▶ [What is needed]: Output the data below only from the line containing "Genuine Freshwater Pearl" up to and including the line containing "TC0736-3: Tafeltennis ballen", exact and with the pictures left out.

*** Material shown ***

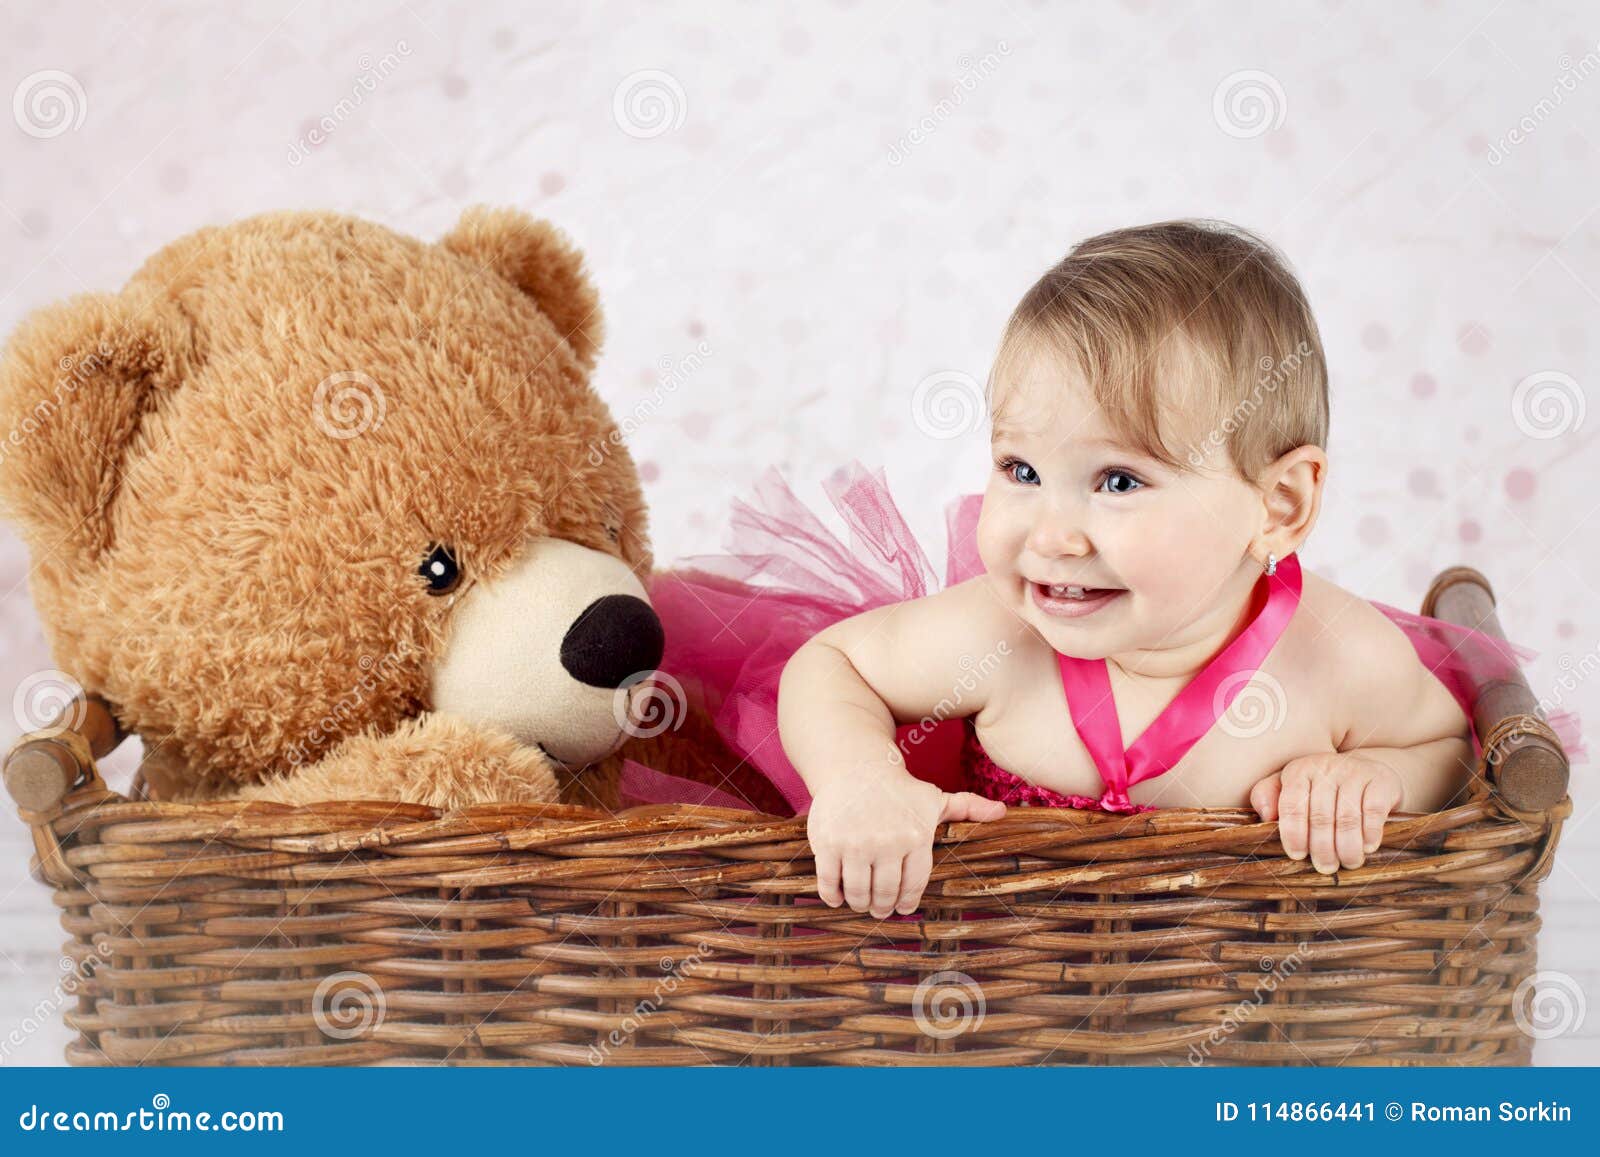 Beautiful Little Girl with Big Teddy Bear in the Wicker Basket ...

*** End of Material shown ***
*** Material shown ***

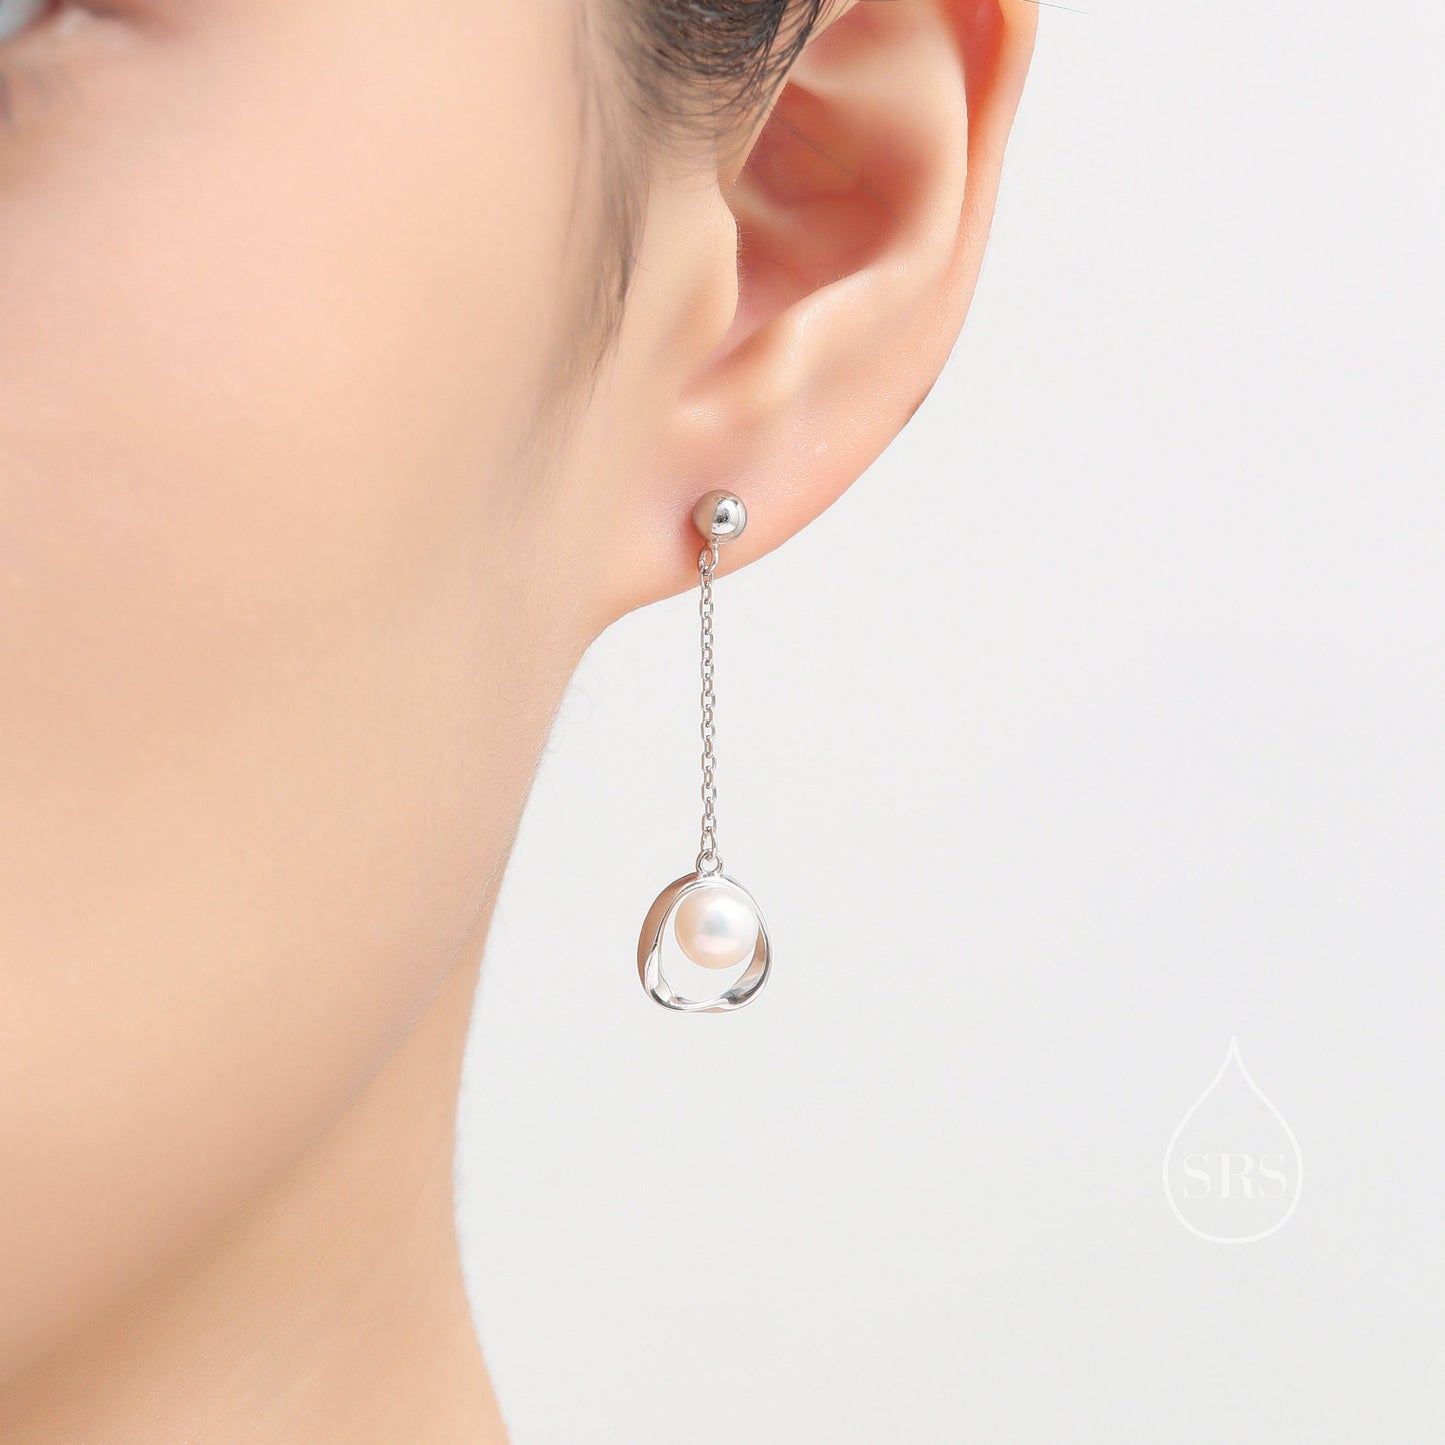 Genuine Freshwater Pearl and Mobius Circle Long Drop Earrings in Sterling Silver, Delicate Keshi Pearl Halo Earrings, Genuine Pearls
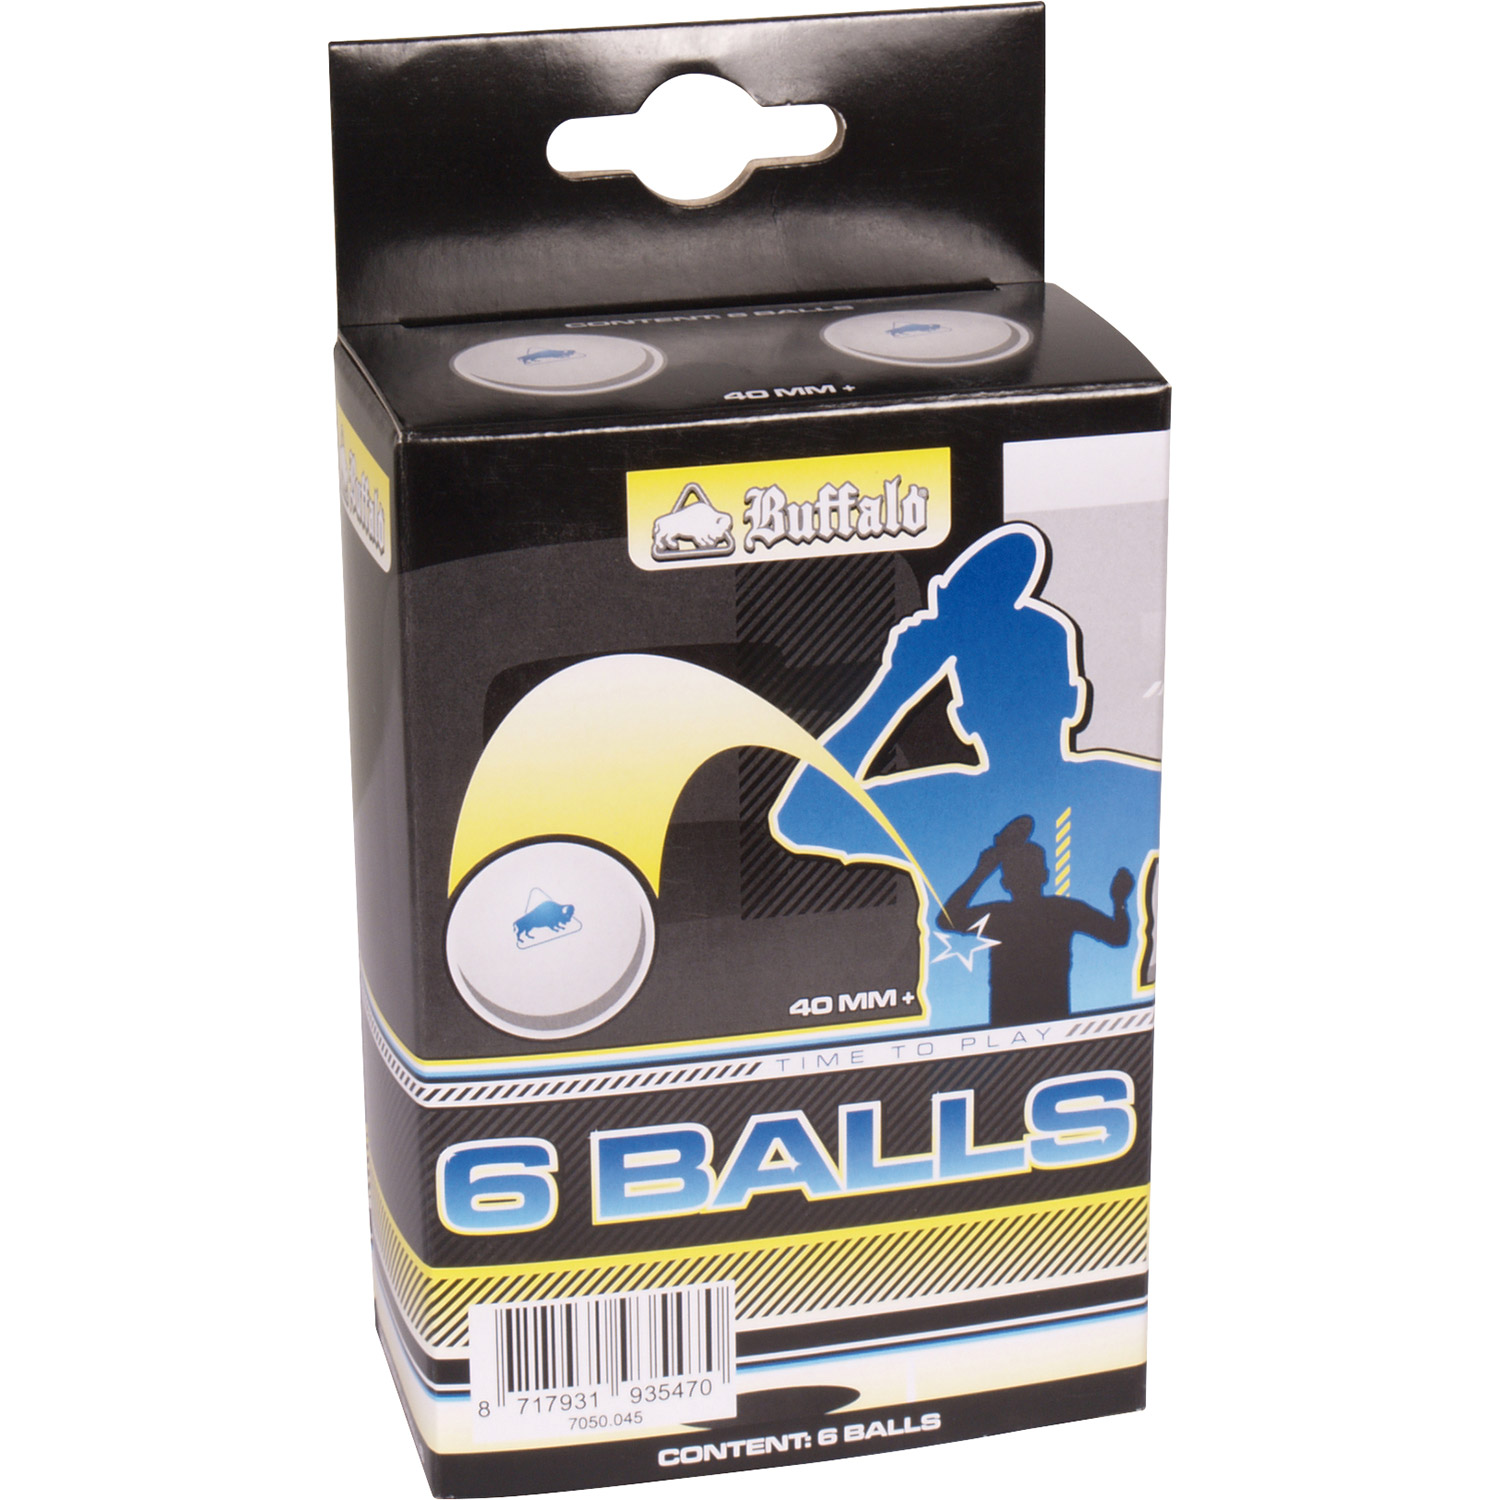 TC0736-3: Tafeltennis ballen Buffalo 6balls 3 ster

*** End of Material shown ***

▶ [Response]:
 Genuine Freshwater Pearl and Mobius Circle Long Drop Earrings in Sterling Silver, Delicate Keshi Pearl Halo Earrings, Genuine Pearls
 TC0736-3: Tafeltennis ballen Buffalo 6balls 3 ster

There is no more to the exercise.